考虑泄漏量的商用车内高频噪声仿真分析与控制*

doi:10.19562/j.chinasae.qcgc.2019.011.015

汽车工程 ›› 2019, Vol. 41 ›› Issue (11): 1327-1334.doi: 10.19562/j.chinasae.qcgc.2019.011.015

考虑泄漏量的商用车内高频噪声仿真分析与控制^*

唐荣江¹, 童浙¹, 郑伟光¹, 李申芳¹, 黄莉²

1.桂林电子科技大学机电工程学院,桂林 541000;
2.东风柳州汽车有限公司商用车技术中心,柳州 545005

收稿日期:2018-10-25 出版日期:2019-11-25 发布日期:2019-11-28
通讯作者: 郑伟光,副教授,博士,E-mail:weiguang.zheng@foxmail.com
基金资助:
广西青年科学基金项目(2018GXNSFBA281012)、广西中青年教师基础能力提升项目(2018KY0205)、广西制造系统与先进制造技术重点实验室主任基金(17-259-05-010Z)和柳州市科学研究与计划开发项目(2018AA20301)资助

Simulation Analysis and Control of High Frequency Noise in Commercial Vehicles Considering Leakage

Tang Rongjiang¹, Tong Zhe¹, Zheng Weiguang¹, Li Shenfang¹, Huang Li²

1.School of Mechanical & Electrical Engineering, Guilin University of Electronic Technology, Guilin 541000;
2.R&D Center of Commercial Vehicle, Dong Feng Liuzhou Automobile Co., Ltd., Liuzhou 545005

Received:2018-10-25 Online:2019-11-25 Published:2019-11-28

摘要/Abstract

摘要： 为更加真实地模拟驾驶室内声学环境和提高驾驶室内高频噪声的预测精度,将泄漏量应用到SEA建模中,建立了考虑泄漏量的商用车SEA模型。利用伯努利方程推导等效总泄漏面积,将等效总泄漏面积按各个泄漏点的贡献量比例进行分配并添加到模型中仿真。与未考虑泄漏的SEA模型对比,结果显示仿真精度提高,误差减小了1.5 dB(A)左右,与试验结果间的绝对误差在2 dB(A)以内,满足工程上在汽车产品开发设计阶段对车内高频噪声分析预测的要求,从而验证了考虑泄漏量的SEA模型的有效性。在不同泄漏值下对驾驶室内噪声进行仿真计算,得到泄漏量对噪声值影响曲线。结合影响曲线和其他多方面因素,确定了合适的泄漏值为150 SCFM。对主要泄漏点开展有针对性的优化整改,气密性由整改前的268.5降到了149.1 SCFM。对优化整改后的驾驶室内噪声进行测量,结果显示,相比于优化前噪声值在两个工况下分别降低了1.82和1.31 dB(A)。

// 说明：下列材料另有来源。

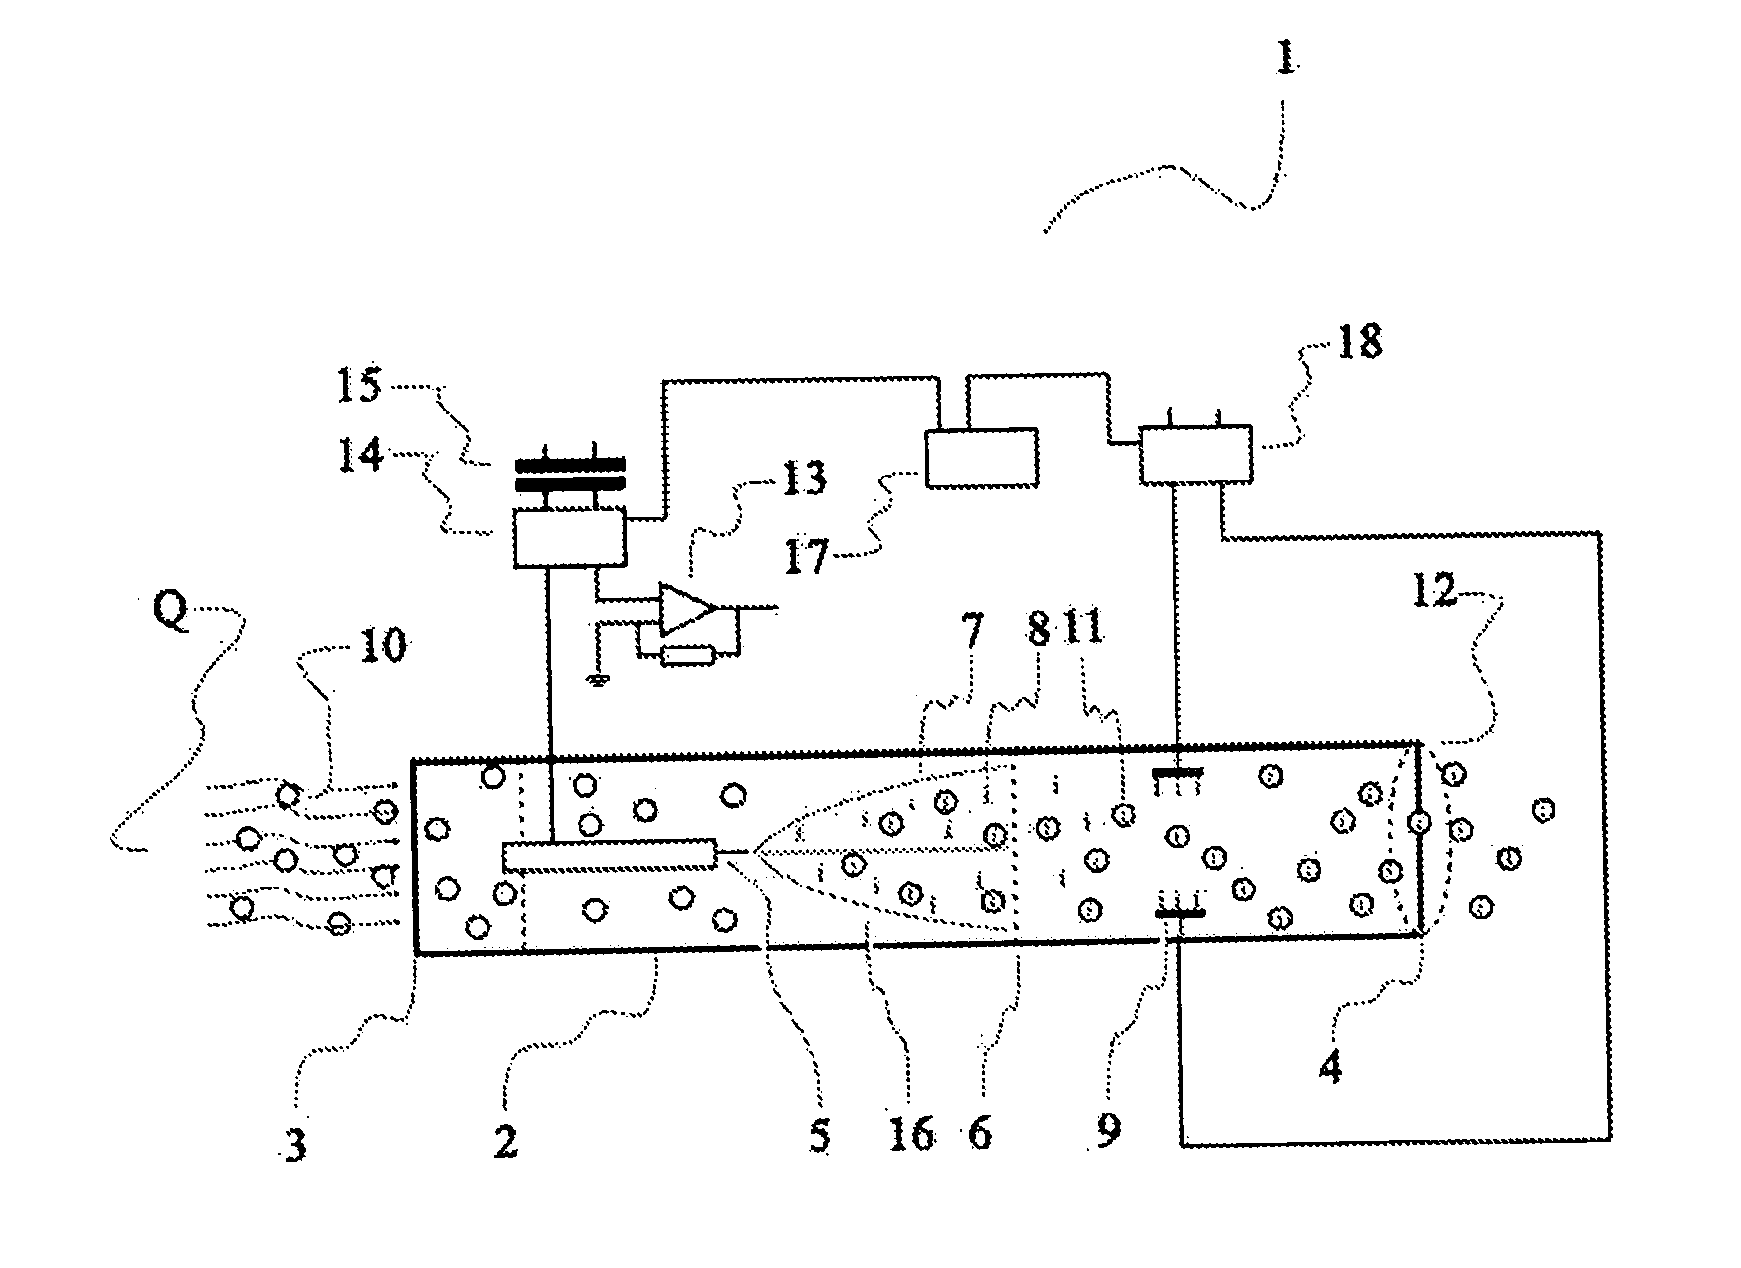 Apparatus and Process for Producing Acknowledged Air Flow and The Use of Such Apparatus in Measuring Particle Concentration in Acknowledged Air Flow

关键词: 车内噪声, 统计能量分析, 泄漏量, 等效泄漏面积

Abstract: In order to simulate the acoustic environment in the cab more truly and improve the interior noise prediction accuracy, the leakage is applied to SEA modeling and a commercial vehicle SEA model considering leakage is established. Bernoulli equation is used to derive the equivalent leakage area. The equivalent total leakage area is divided by the leakage contribution and added to the model for simulation. In contrast with the SEA model without considering leakage ,the results show that the simulation accuracy is improved and the error is reduced by about 1.5 dB (A) with the absolute error less than 2 dB(A), which meets the engineering requirement of high frequency noise analysis and prediction in vehicle product development and design stage. The SEA model considering leakage is fully validated. Under different leakage values, the interior noise is simulated and the curve of effect of leakage on the noise value is obtained. Combined with the influence curve and many other factors, the suitable leakage value of 150 SCFM is determined. The main leakage points are targeted for optimization and the leakage value drops from 268.5 to 149.1 SCFM. The interior noise after optimization is measured and the results show that the noise values are reduced by 1.82 and 1.31 dB(A) respectively under two working conditions compared with those before optimization.

Key words: interior noise, statistical energy analysis, leakage, equivalent leakage area

唐荣江, 童浙, 郑伟光, 李申芳, 黄莉. 考虑泄漏量的商用车内高频噪声仿真分析与控制^*[J]. 汽车工程, 2019, 41(11): 1327-1334.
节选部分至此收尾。